Nuclear graphite is any grade of graphite, usually synthetic graphite, specifically manufactured for use as a moderator or reflector within a nuclear reactor. Graphite is an important material for the construction of both historical and modern nuclear reactors, due to its extreme purity and its ability to withstand extremely high temperatures.

The potential for creating a nuclear chain reaction in uranium became apparent in 1939 following the nuclear fission experiments of Otto Hahn and Fritz Strassman, and the interpretation of these results by Lise Meitner and Otto Frisch. The exciting possibilities that this presented rapidly spread throughout the world physics community. In order for the fission process to chain react, the neutrons created by uranium fission must be slowed down by interacting with a neutron moderator (an element with a low atomic weight, that will "bounce", when hit by a neutron) before they will be captured by other uranium atoms. It became well known by late 1939 that the two most promising moderators were heavy water and graphite.
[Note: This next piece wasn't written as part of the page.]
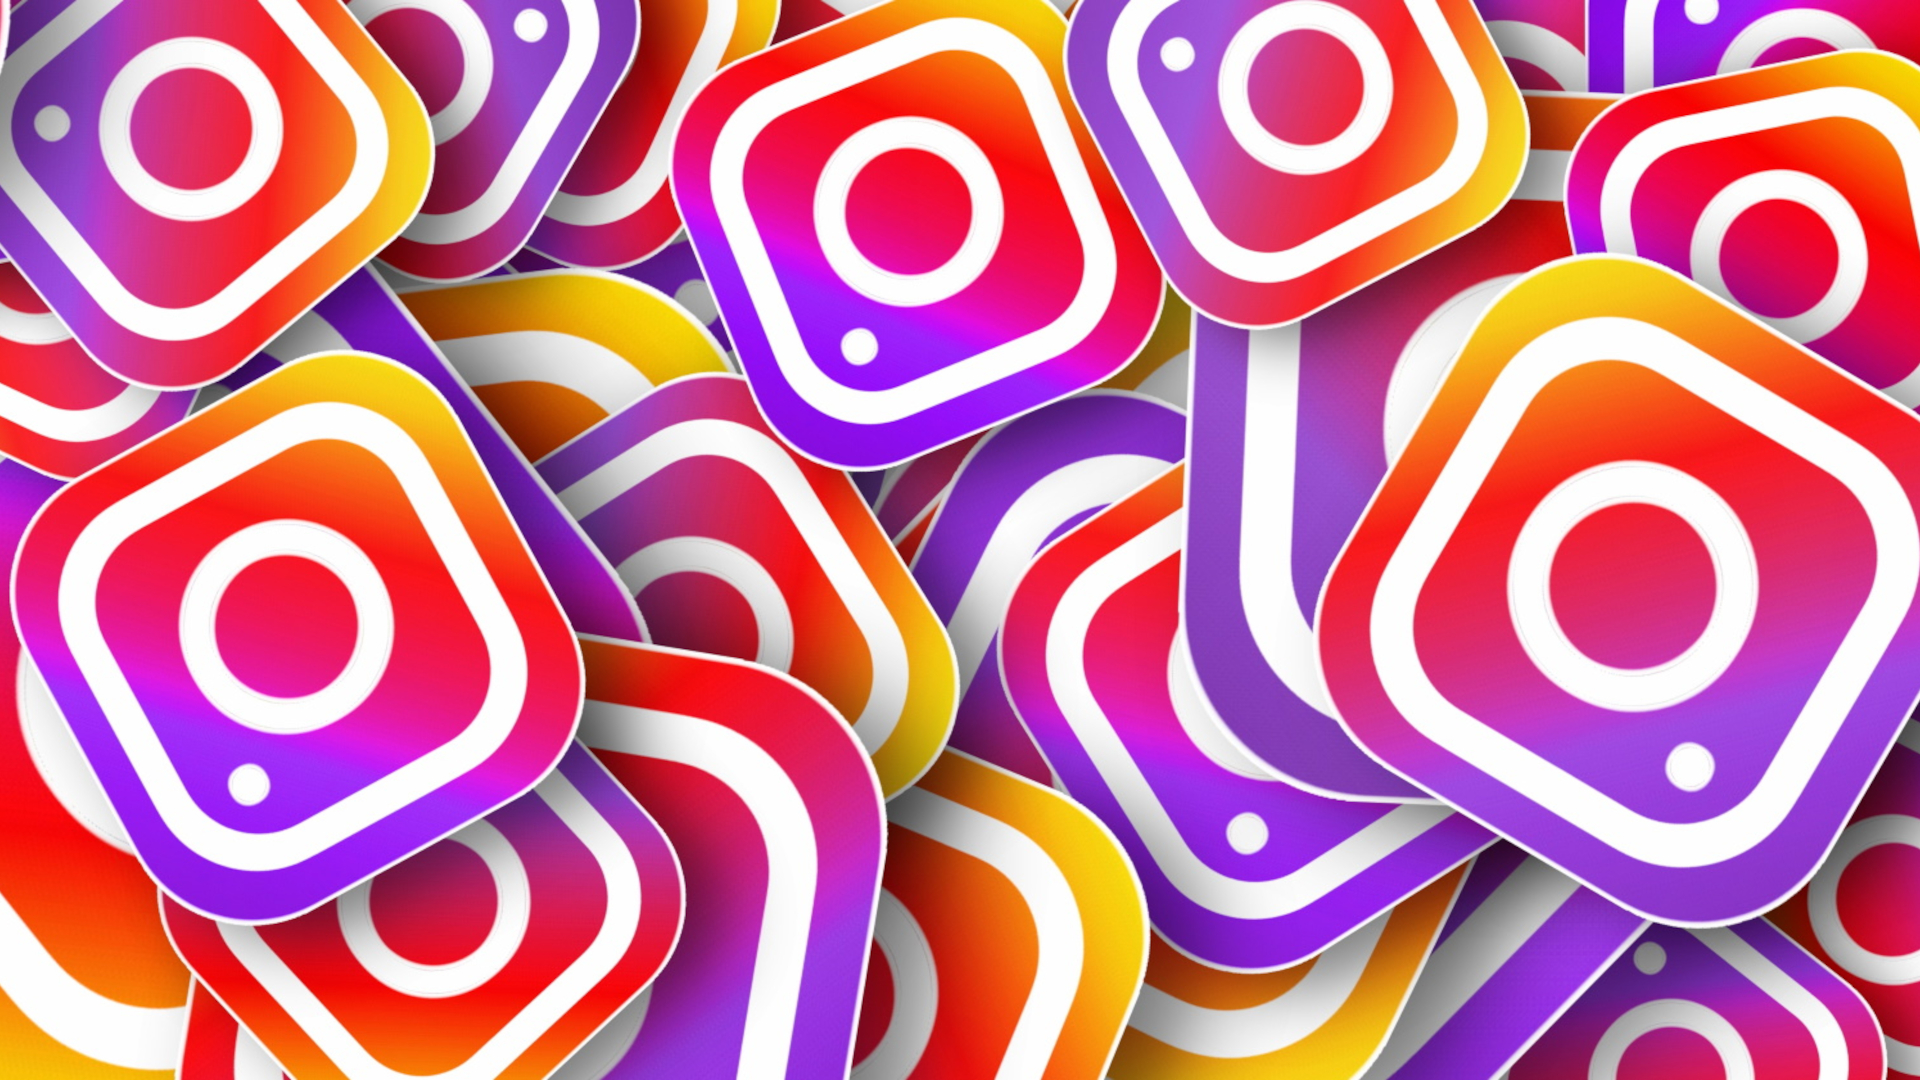 Instagram attento ai giovani, nuove funzioni in arrivo

In February 1940, using funds that were allocated partly as a result of the Einstein-Szilard letter to President Roosevelt, Leo Szilard purchased several tons of graphite from the Speer Carbon Company and from the National Carbon Company (the National Carbon Division of the Union Carbide and Carbon Corporation in Cleveland Ohio) for use in Enrico Fermi's first fission experiments, the so-called exponential pile. Fermi writes that "The results of this experiment was [sic] somewhat discouraging" presumably due to the absorption of neutrons by some unknown impurity. So, in December 1940 Fermi and Szilard met with Herbert G. MacPherson and V. C. Hamister at National Carbon to discuss the possible existence of impurities in graphite. During this conversation it became clear that minute quantities of boron impurities were the source of the problem.